Retired Canadian Forces Cpl. Doug Tizya describes the suffering experienced by soldiers fighting the war in Afghanistan as “biblical.”

Tizya, a member of the Vuntut Gwitchin First Nation, did two tours in Afghanistan with the 2nd Battalion of the Princess Patricia’s Canadian Light Infantry.

On Friday, during Indigenous Peoples Day celebrations in Whitehorse, Tizya’s service was recognized with a Quilt of Valour.

“You suffer a lot there,” he said, adding that being honoured with the quilt helps ease some of that pain.

Tizya went to high school in Whitehorse before joining the military. He was deployed to Afghanistan in 2002, shortly after the 9/11 terrorist attacks, and again in 2006. Tizya received the Sacrifice Medal after being wounded during his second tour.

Doug Tizya manning a machine gun. Tizya did two tours in Afghanistan with the Canadian Armed Forces. (Submitted by Terry Grabowski)

‘I’ll never forget him’

The day Tizya was wounded was excruciatingly hot, he recalled — maybe 50 C. He was sitting down to eat along with some other men.

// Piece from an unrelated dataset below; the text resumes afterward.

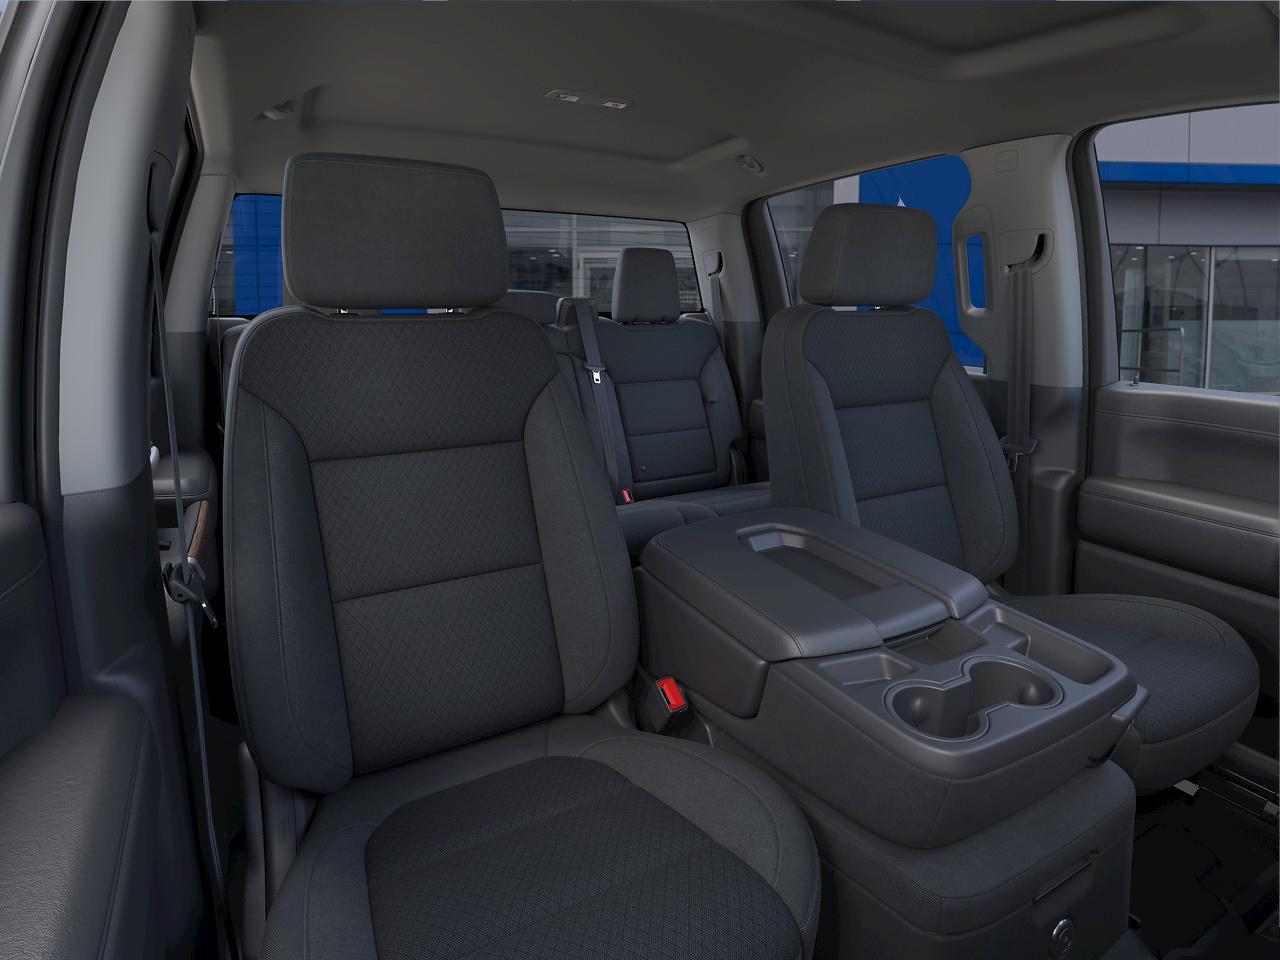 2021 Chevrolet Silverado 2500 Crew Cab 4x4, Pickup #M1387 - photo 13

They had taken off their gear in an attempt to cool down, said Tizya, when “all of a sudden the Taliban started dropping mortars on our on our patrol base.”

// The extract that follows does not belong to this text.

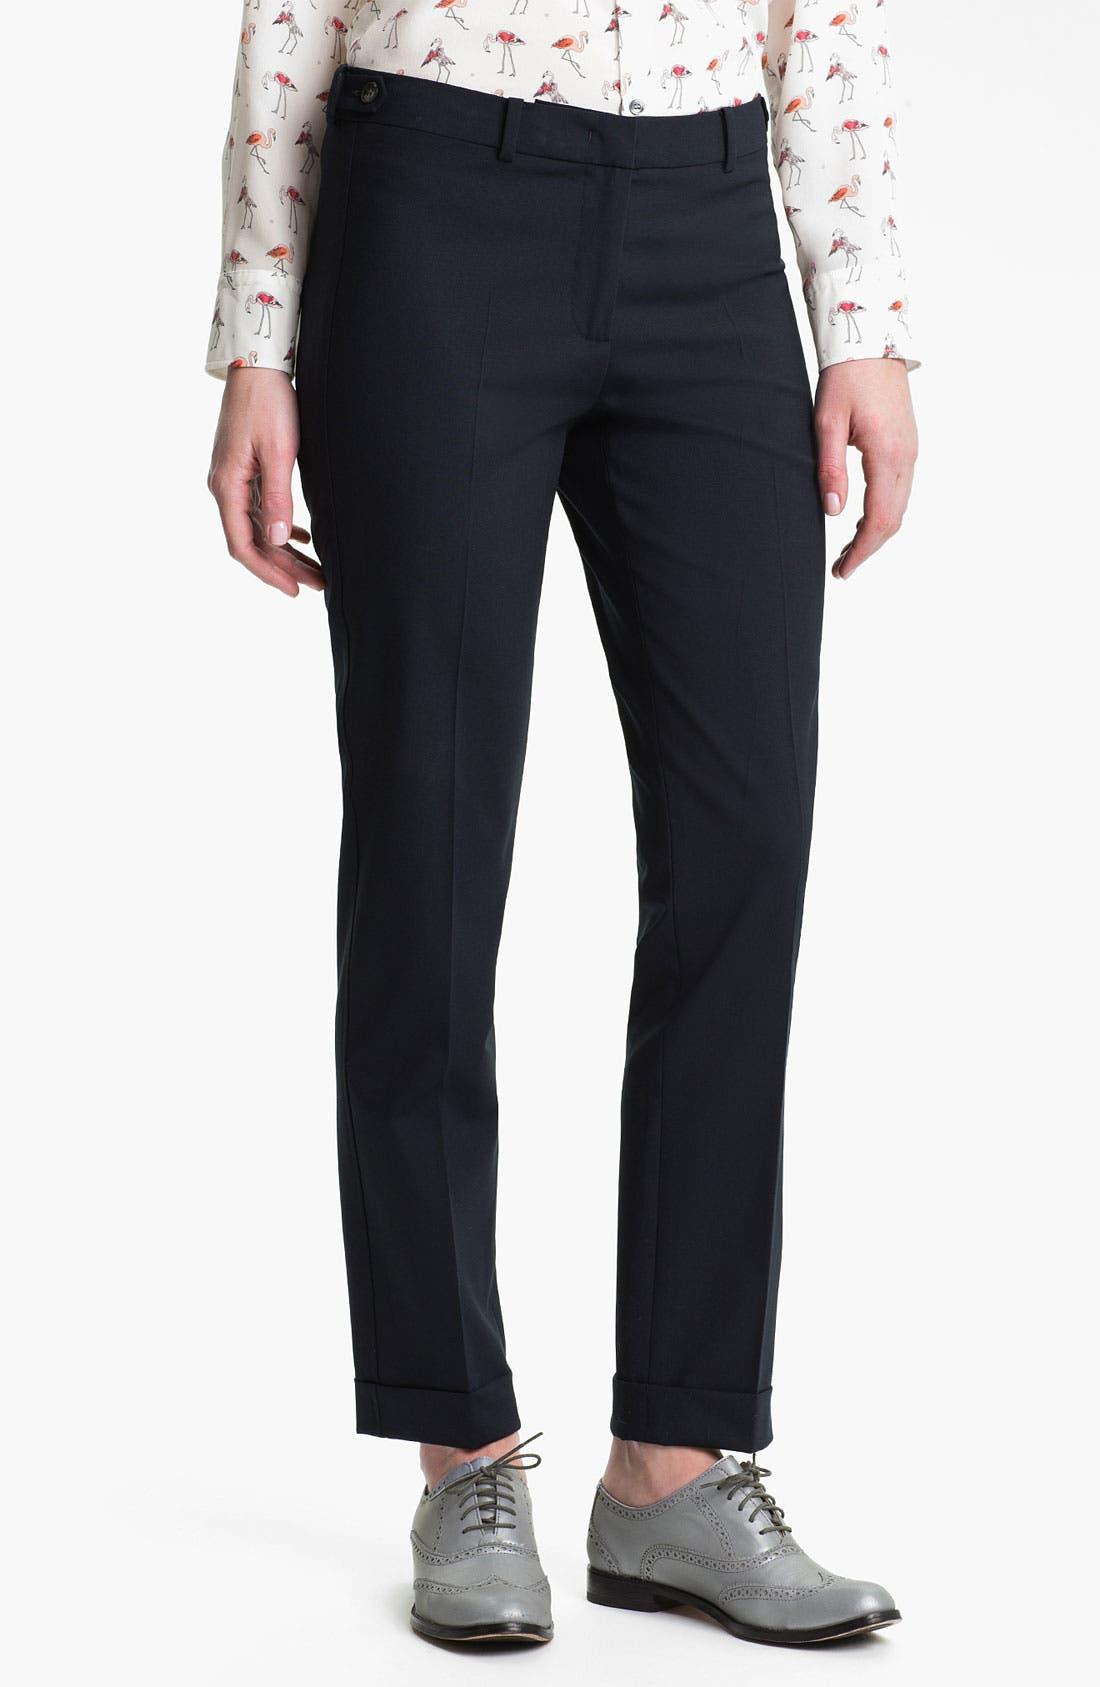 Alternate Image 1 Selected - Weekend Max Mara 'Oscuro' Stretch Wool Pants

He remembers grabbing his rifle, helmet and armour and running toward shelter when a mortar landed beside him and knocked him out.

Doug Tizya was given a Quilt of Valour at the Kwanlin Dun Cultural Centre in Whitehorse. (Dave Croft/CBC)

A couple of his fellow soldiers pulled him into a building. One of them, Cpl. Andrew Grenon, tore off his own shirt and used it to bandage Tizya’s wounds.

Grenon was killed in 2008 when the armoured vehicle he was in was attacked in southern Afghanistan.

“I’ll never forget him,” said Tizya of Grenon. “I actually went to his funeral and told his mom that and she was very proud.”

Surprise honour

Tizya, who now lives in Brandon, Man., had no idea he was being honoured on Friday.

He was taking in the Indigenous Peoples Day festivities around the Kwanlin Dun Cultural Centre when his mother pulled him aside.

“I thought they were going to get me to jig and I was just sitting there thinking, there’s no way in hell I’m going to go jig,” he said.

Doug Tizya felt “honoured and grateful and loved” when he returned home and received this quilt. (Dave Croft/CBC)

Instead, Tizya was bestowed with a Quilt of Valour sewn by Yukoner May Gudmunson.

“I don’t live here anymore and when you come home and you experience this, it’s — wow,” he said. “I feel so honoured and grateful and loved when I come home.”

Tizya had a message for other soldiers and vets who may be going through tough times.

“You’ve got to hit your bottoms and stuff,” he said. “But if you let your love in, if you let people that love you help you, you’ll be OK.”